New Chemotherapy Regimens: Several newer chemotherapeutic drugs have demonstrated ability to kill cervical cancer cells in patients with advanced cancer. One area of active investigation is the development and exploration of single or multi-agent chemotherapy regimens as a treatment approach for patients with widespread cervical cancer. In particular, drugs such as paclitaxel, ifosfamide, Taxotere®, Navelbine®, Camptosar®, and Avastin appear to have promising activity against cervical cancer cells and are being tested alone or in combination with radiation and other anticancer agents in clinical trials.

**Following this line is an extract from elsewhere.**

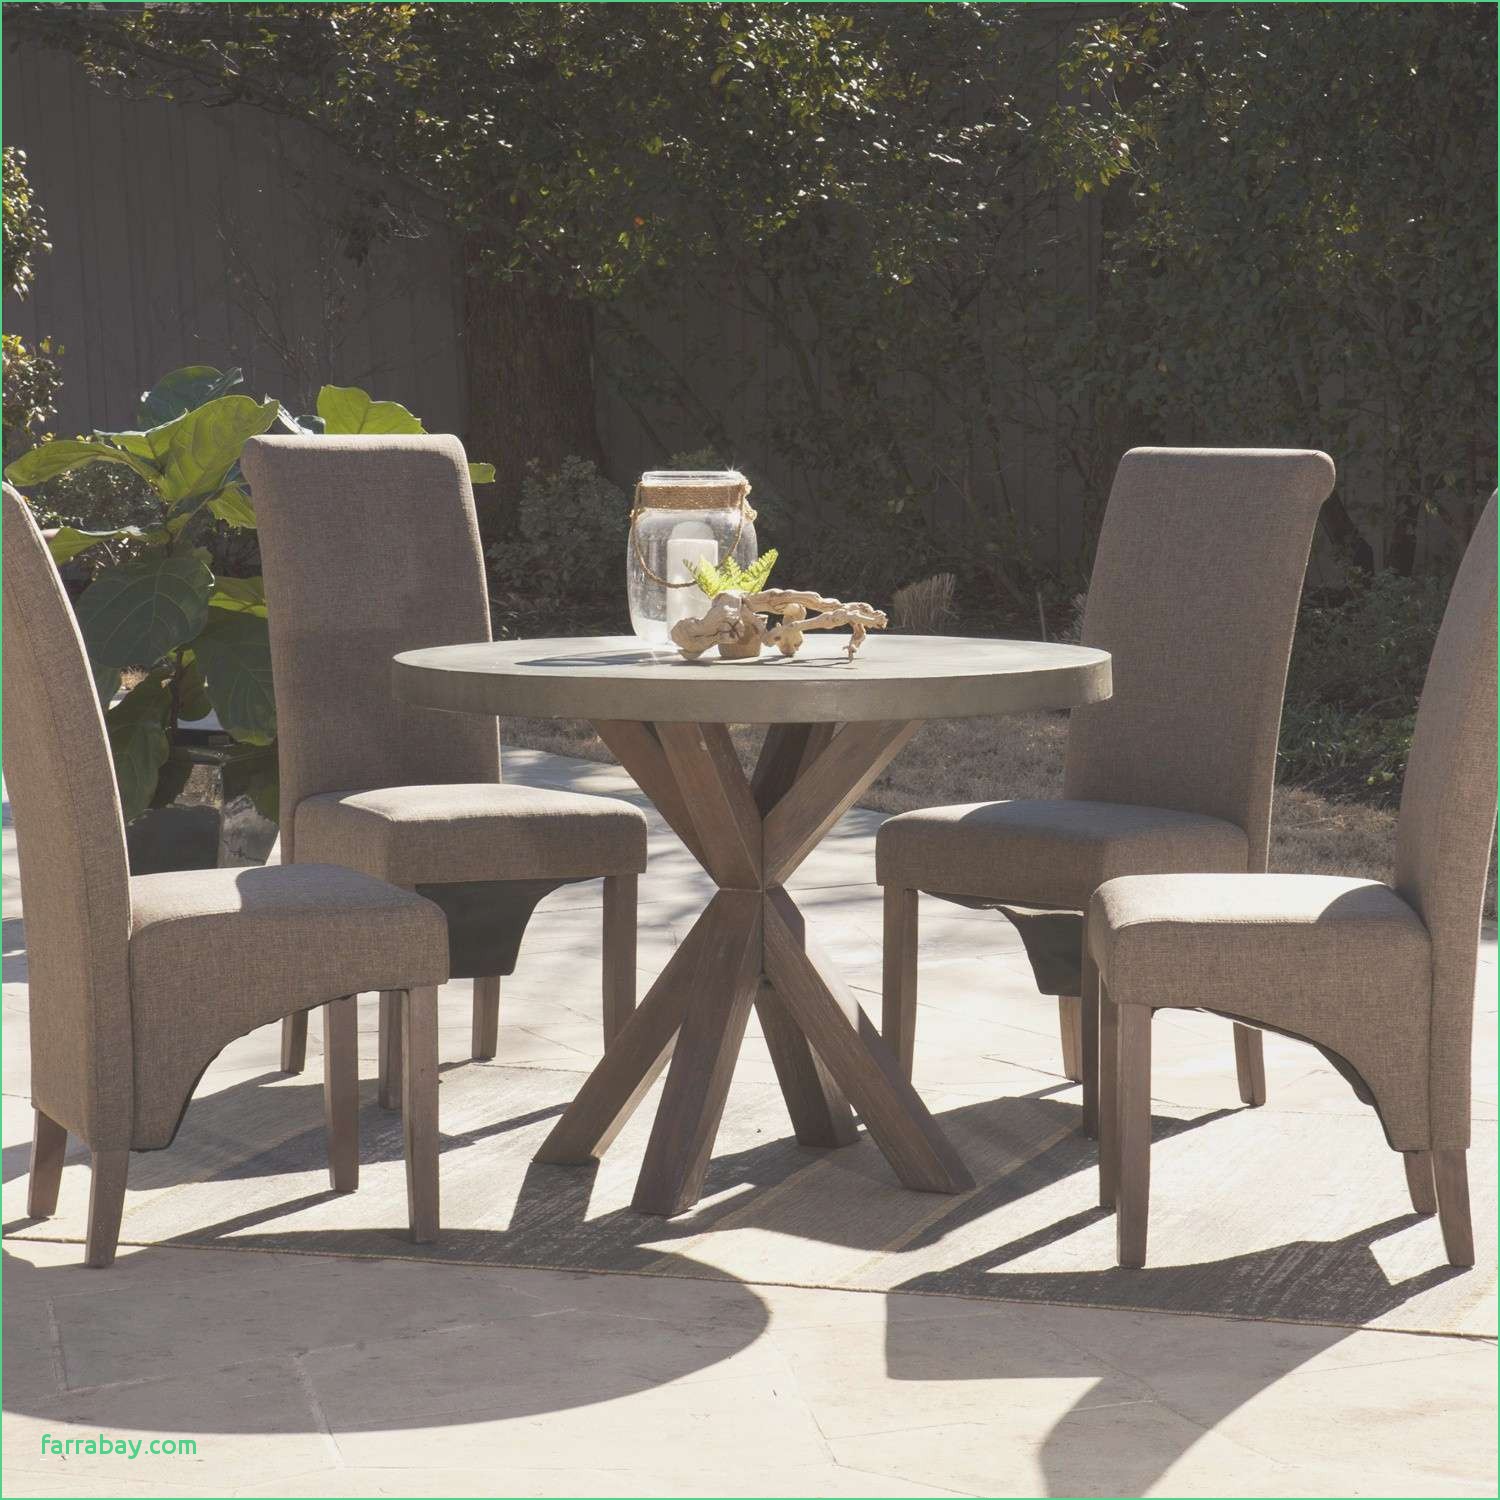 hesperide garden furniture luxury elegant outdoor table and chairs designsolutions usa of hesperide garden furniture

Phase I Trials: New chemotherapy or immunotherapy drugs continue to be developed and evaluated in patients with recurrent cancers in phase I clinical trials. The purpose of phase I trials is to evaluate new anti-cancer medications in order to determine the safety and tolerability of a drug and the best way of administering the drug to patients.
Newer Radiation Techniques: External beam radiation therapy can be delivered more precisely to the cervix by using a special CT scan and targeting computer. This capability is known as three-dimensional conformal radiation therapy, or 3D-CRT. The use of 3D-CRT appears to reduce the chance of injury to nearby body structures, such as the bladder or rectum.
2 Duenas-Gonzalez A, Zarba JJ, Alcedo JC, et al. A phase III study comparing concurrent gemcitabine (Gem) plus cisplatin (Cis) and radiation followed by adjuvant Gem plus Cis versus concurrent Cis and radiation in patients with stage IIB to IVA carcinoma of the cervix. Presented at the 2009 annual meeting of the American Society of Clinical Oncology, May 29-June 2, 2009, Orlando, FL. Abstract CRA5507.
3 Tewari KS, Sill M, Long III HJ. Incorporation of bevacizumab in the treatment of recurrent and metastatic cervical cancer: a Phase III randomized trial of the Gynecologic Oncology Group. Presented at the 49th Annual Meeting of the American Society of Clinical Oncology. May 31-June 4, 2013; Chicago, IL. Abstract 3.
4 Takeuchi S, Shoji T, Kagabu M, et al. Phase 2 studies of multiple peptides cocktail vaccine for treatment-resistant cervical and ovarian cancer. Journal of Clinical Oncology. 2015; 33 (suppl; abstract 5567).
5 Stevanovic S, Draper L, Langhan M, et al. Complete regression of metastatic cervical cancer after treatment with human papillomavirus-targeted tumor-infiltrating T cells. Journal of Clinical Oncology, 2015; 10:33(4): 1543-1550. Doi: 10.1200/JCO.2014.58.9093.